Recipes after the jump!


Spanish Tortilla with Broccoli, Chorizo and Onion
Available at Serious Eats

6 large eggs
Kosher salt and freshly ground black pepper
1/2 cup extra-virgin olive oil
3 cups bite-sized broccoli florets
1 medium onion, finely sliced (about 1 cup)
3 ounces chorizo, finely sliced or diced

In a large bowl, whisk eggs together with 1 teaspoon salt and 1/2 teaspoon black pepper. Set aside.

Heat half of olive oil in a 10-inch non-stick or cast iron skillet over high heat until simmering. Add broccoli and cook without moving until well charred on one side, about 2 minutes. Reduce heat to medium and continue to cook, stirring occasionally, until broccoli is very tender, about 5 minutes longer. Add onions and chorizo, season to taste with salt and pepper, reduce heat to medium, and continue to cook, stirring frequently, until onions and broccoli are completely softened, about 5 minutes longer.

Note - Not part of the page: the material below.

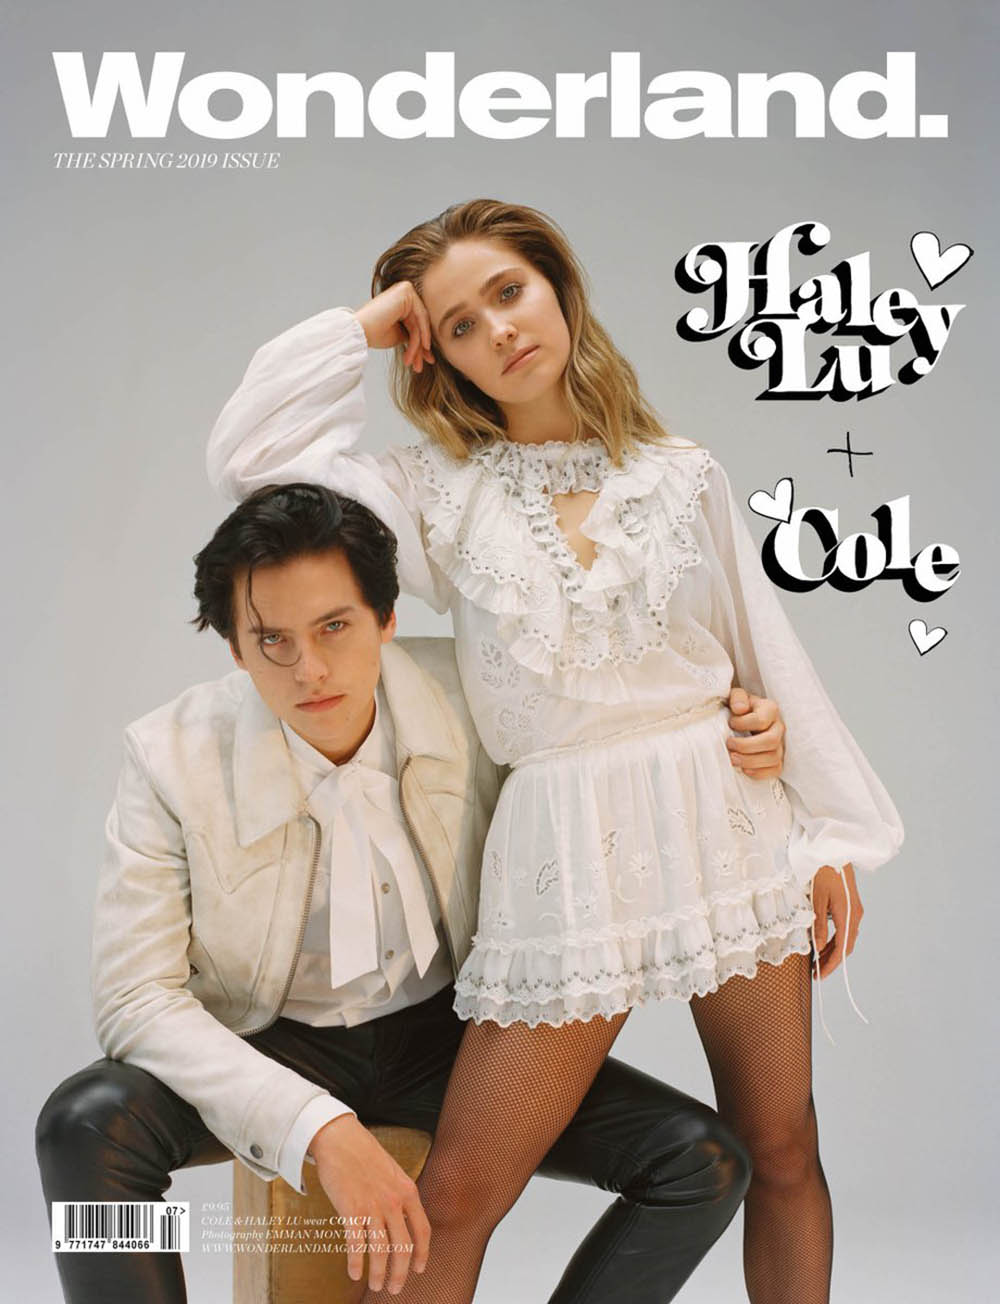 Cole Sprouse and Haley Lu Richardson cover Wonderland Magazine Spring 2019 by Emma Montalvan

Add broccoli/onion mixture to bowl with eggs and stir immediately to combine. Return skillet to heat and add remaining 1/4 cup olive oil. Heat until shimmering. Add egg mixture and cook, stirring gently with a wooden spoon or rubber spatula until eggs are about 1/3 set, about 1 minute. Continue to cook, swirling pan gently until eggs are set about 2/3 of the way through and base of tortilla is deep golden brown, about 5 minute longer.

Place a large plate over the skillet and using both hands and two kitchen towels, invert skillet and plate so that tortilla flips out onto the plate with the cooked-side up. Carefully slide back into skillet. Continue to cook, gently swirling pan until tortilla is golden brown on second side, about 4 minutes longer. For a perfect shape, invert onto plate and slide back into skillet 4 to 5 more times. Transfer to a cutting board and let rest at least 5 minutes and up to 3 hours before slicing and serving with allioli.

Spanish-Style Allioli (Olive Oil and Garlic Mayonnaise)
Available at Serious Eats

1 large egg yolk
2 medium cloves garlic, minced (about 2 teaspoons)
1 tablespoon water
1 tablespoon juice (from 1/2 a lemon)
1 teaspoon dijon mustard
1/2 cup vegetable, canola, or light olive oil
1/2 cup extra-virgin olive oil
Kosher salt and freshly ground black pepper

Place egg yolk, water, lemon juice, and mustard in the bottom of an immersion blender cup. Pour oil on top and allow to settle for 15 seconds. Place head of immersion blender at bottom of cup and switch it on. As mayonnaise forms, slowly tilt and lift the head of the immersion blender until all oil is emulsified. (For food processor instructions, see note above).

Transfer allioli to a medium bowl. Whisking constantly, slowly drizzle in extra-virgin olive oil. Season to taste with salt and pepper. Store in a sealed container in the refrigerator for up to two weeks.

NOTE #1: If you don't have an immersion blender with a cup, you can make the allioli in a food processor. Coming egg, garlic, lemon juice, water, and mustard in a food processor. With machine running, slowly drizzle in the canola or light olive oil, scraping down the sides as necessary. Transfer the half-finished allioli to a bowl and proceed with step two.

NOTE #2: If your aioli (or mayonnaise) breaks like ours does, there are two ways to rescue it.  Either take about a tablespoon of Dijon mustard or a room-temperature egg yolk and put it in a metal bowl.  Take your hand whisk and add in about a tablespoon of the broken sauce, whisking constantly.  It should be thick.  Start to very slowly stream the broken aoili into the mustard/egg yolk, whisking constantly.  Whisk like your life depends on it.  Do this very very slowly at first, making sure the sauce stays thick.  Keep adding the broken aioli into the new sauce in a slow thin stream and eventually, you will incorporate all the broken sauce into a lovely new sauce. We went with the dijon mustard approach because our remaining egg was not at room temperature, but that will obviously result in a more mustard-y sauce.